*** Begin section ***

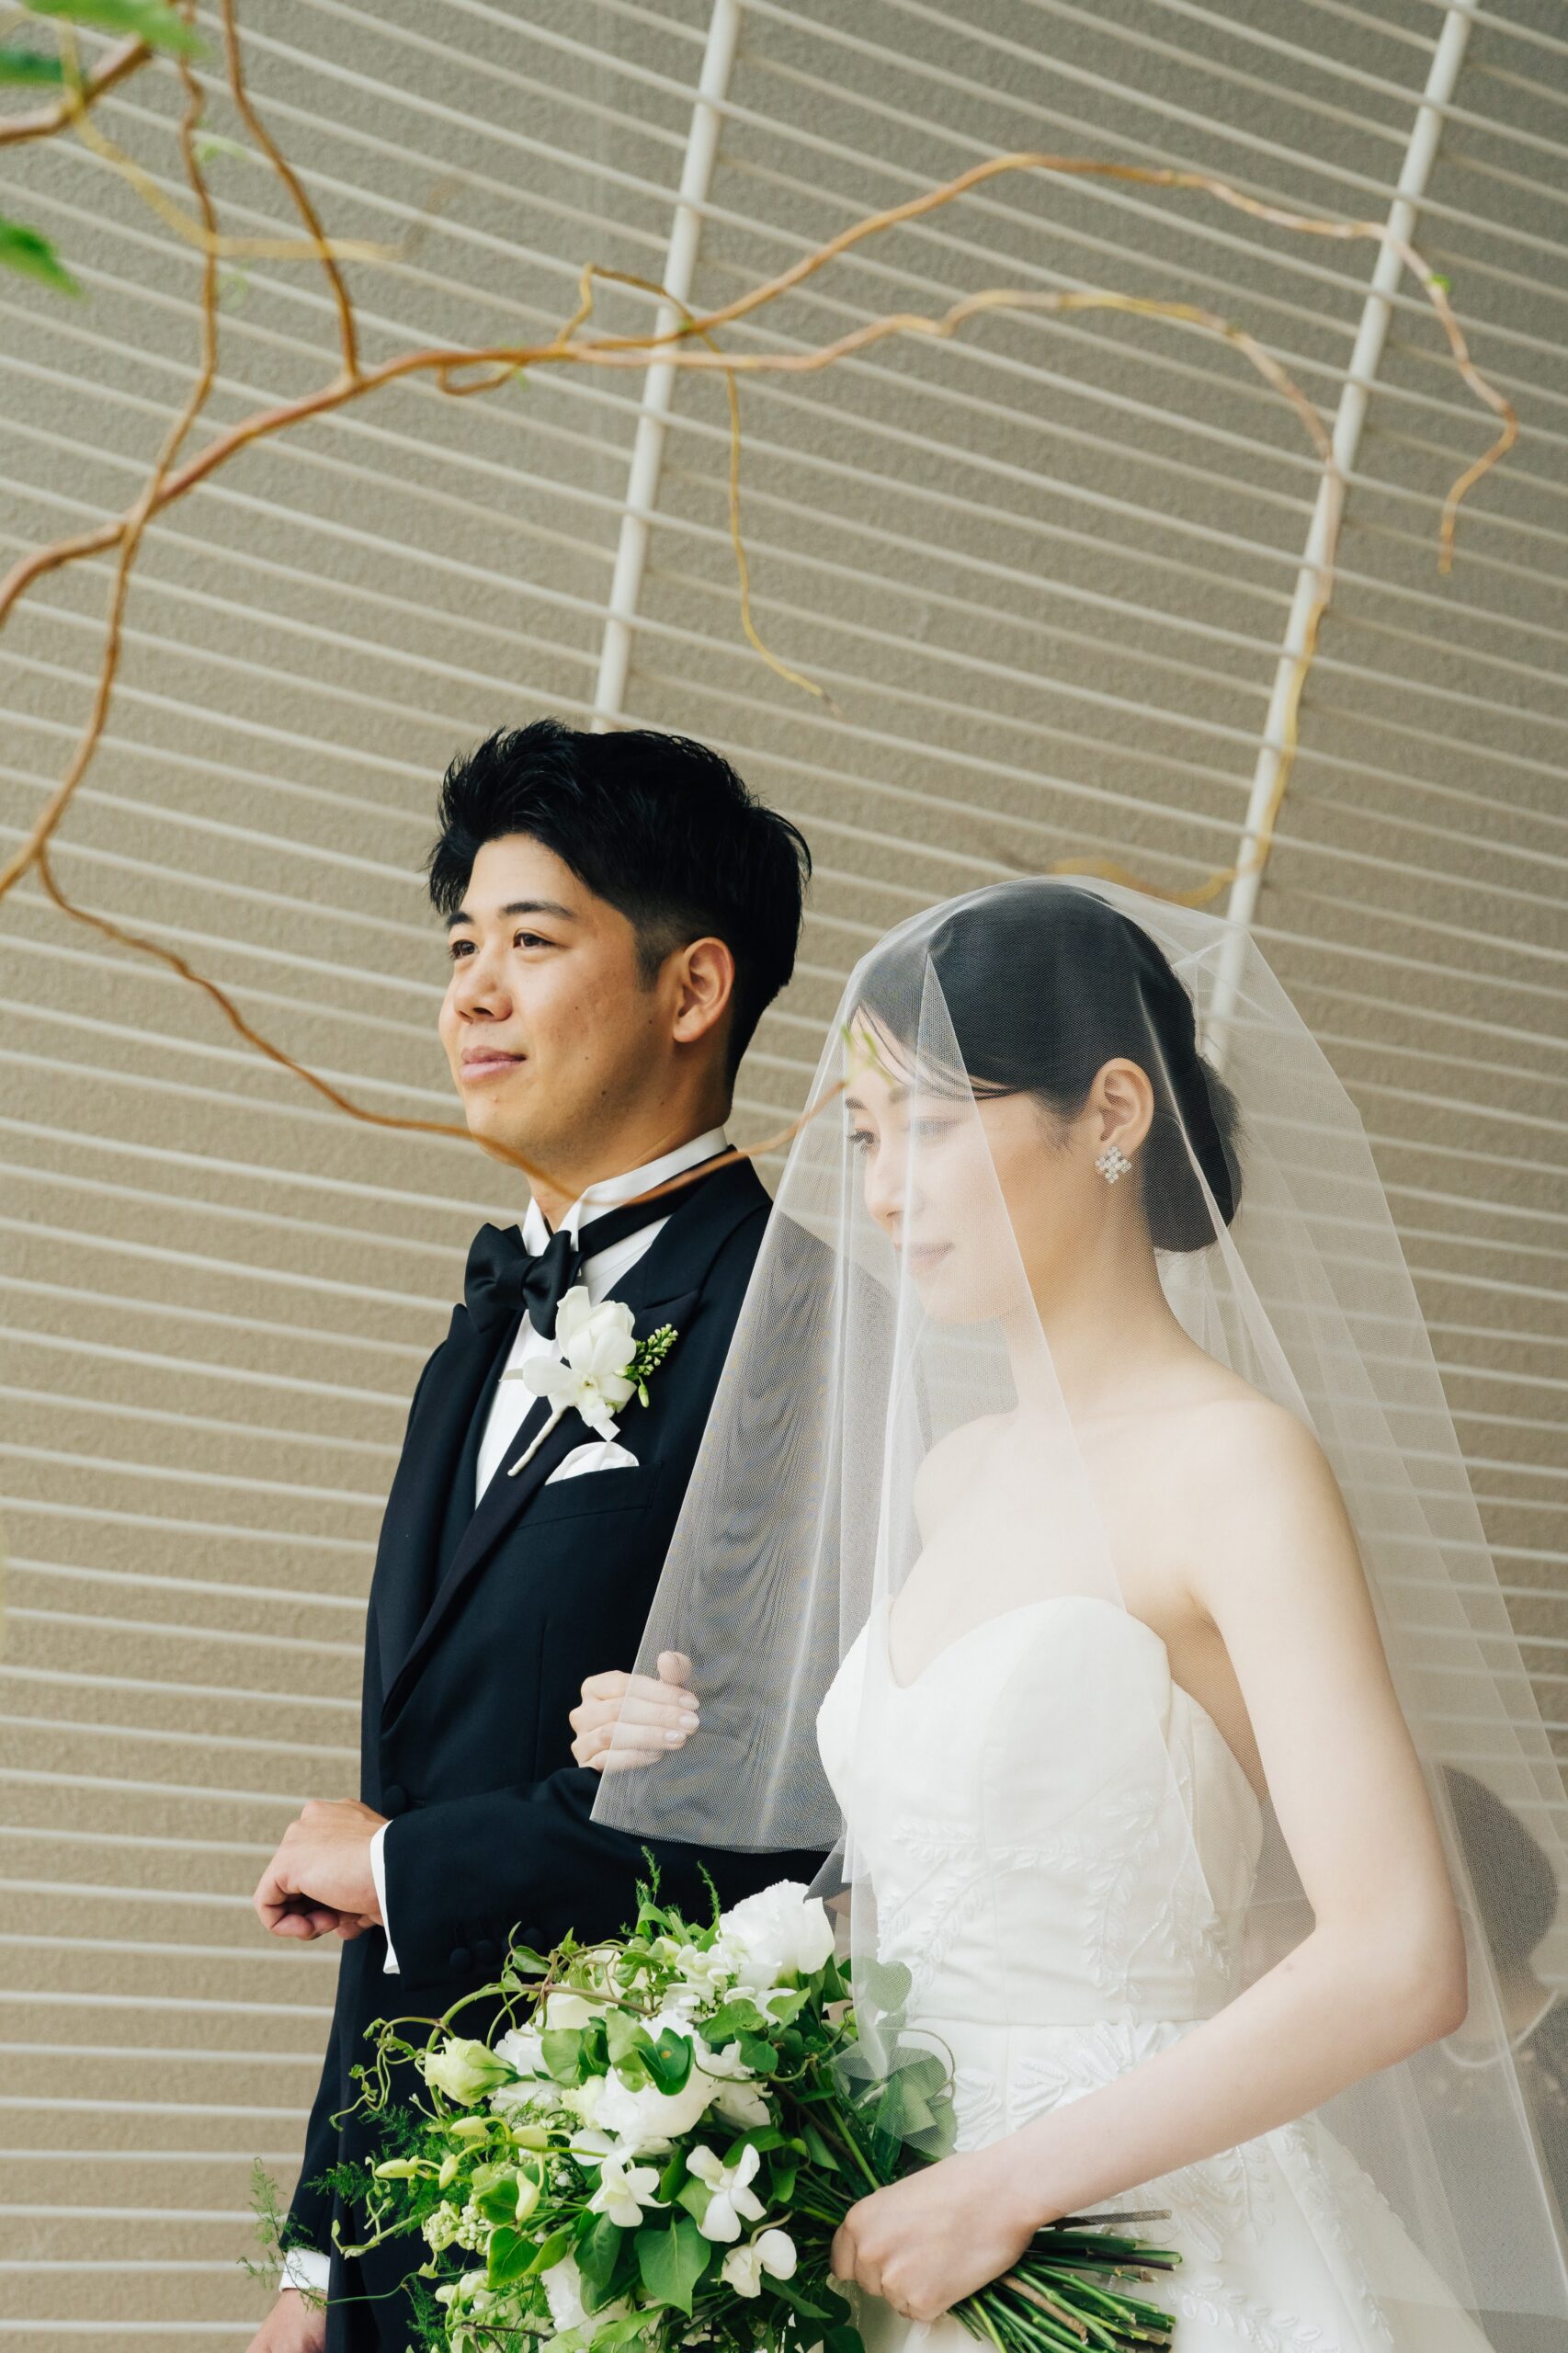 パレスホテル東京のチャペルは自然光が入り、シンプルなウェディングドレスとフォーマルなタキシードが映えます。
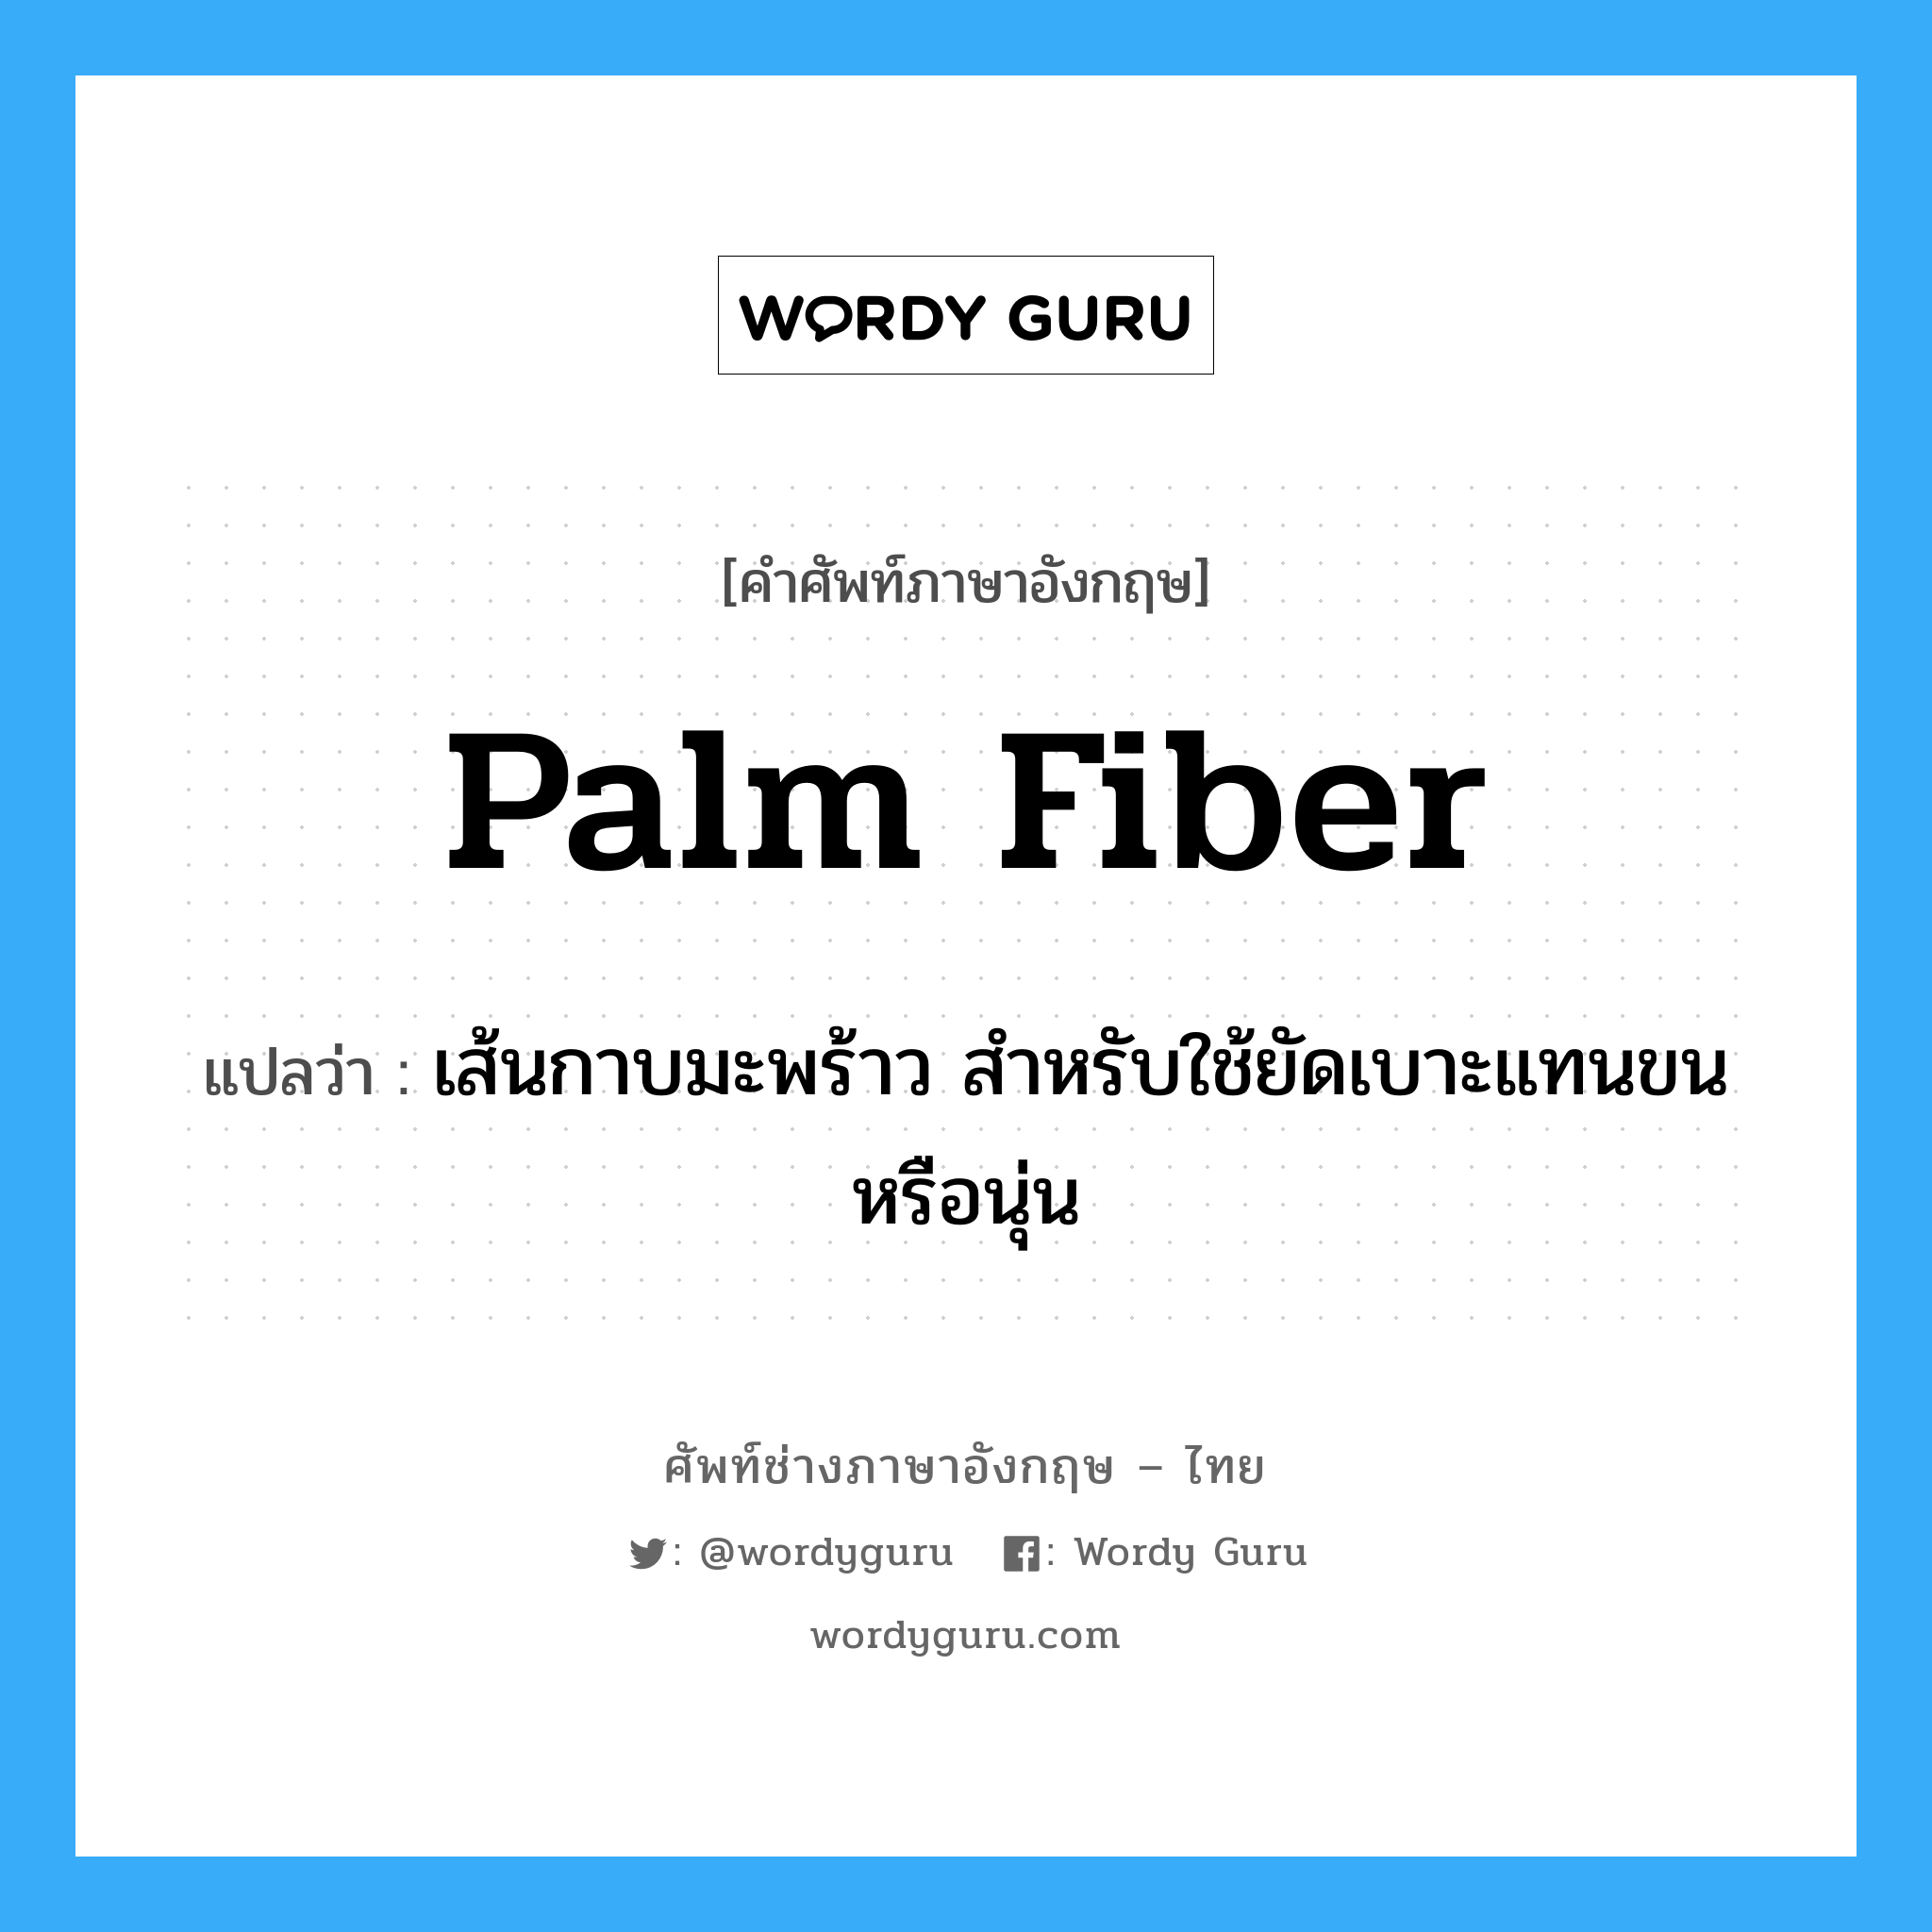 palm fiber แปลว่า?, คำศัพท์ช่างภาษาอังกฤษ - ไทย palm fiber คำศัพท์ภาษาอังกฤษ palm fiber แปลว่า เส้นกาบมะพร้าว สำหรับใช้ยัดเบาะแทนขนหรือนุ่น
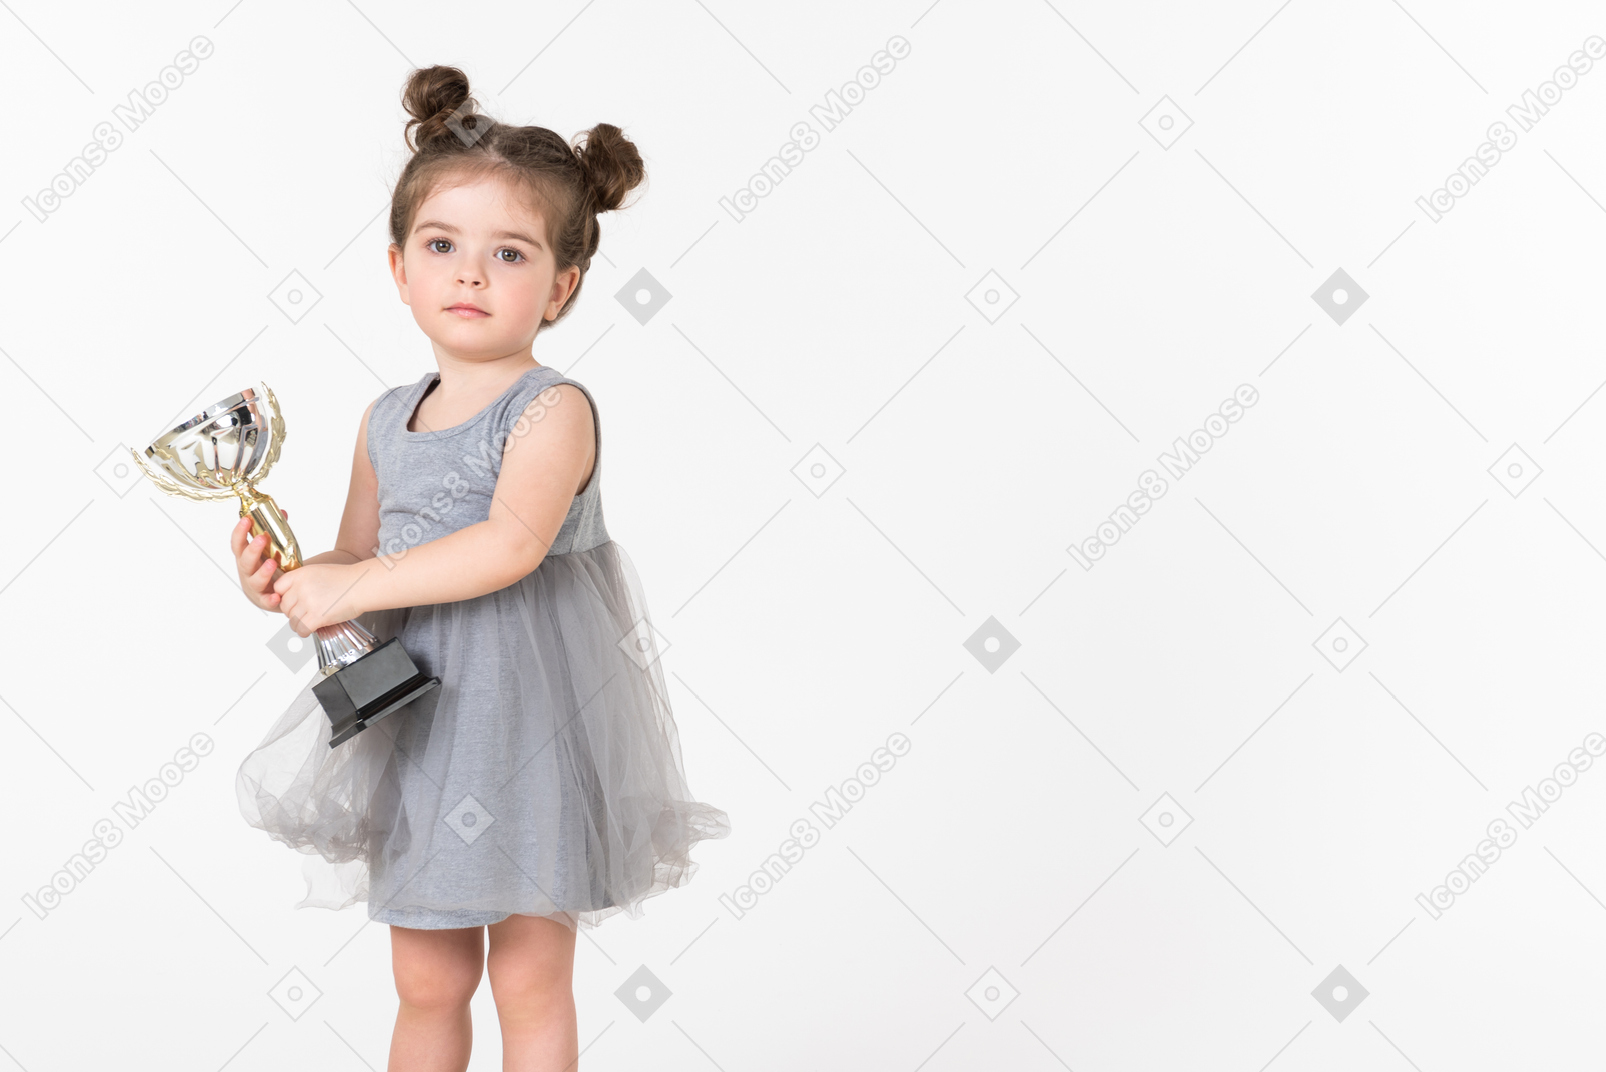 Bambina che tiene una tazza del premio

*** End section ***

PROBLEM:
Without including any picture, set down the listing above exactly as it appears.

OUTPUT OF THE TASK:
 パレスホテル東京のチャペルは自然光が入り、シンプルなウェディングドレスとフォーマルなタキシードが映えます。
 palm fiber แปลว่า?, คำศัพท์ช่างภาษาอังกฤษ - ไทย palm fiber คำศัพท์ภาษาอังกฤษ palm fiber แปลว่า เส้นกาบมะพร้าว สำหรับใช้ยัดเบาะแทนขนหรือนุ่น
 Bambina che tiene una tazza del premio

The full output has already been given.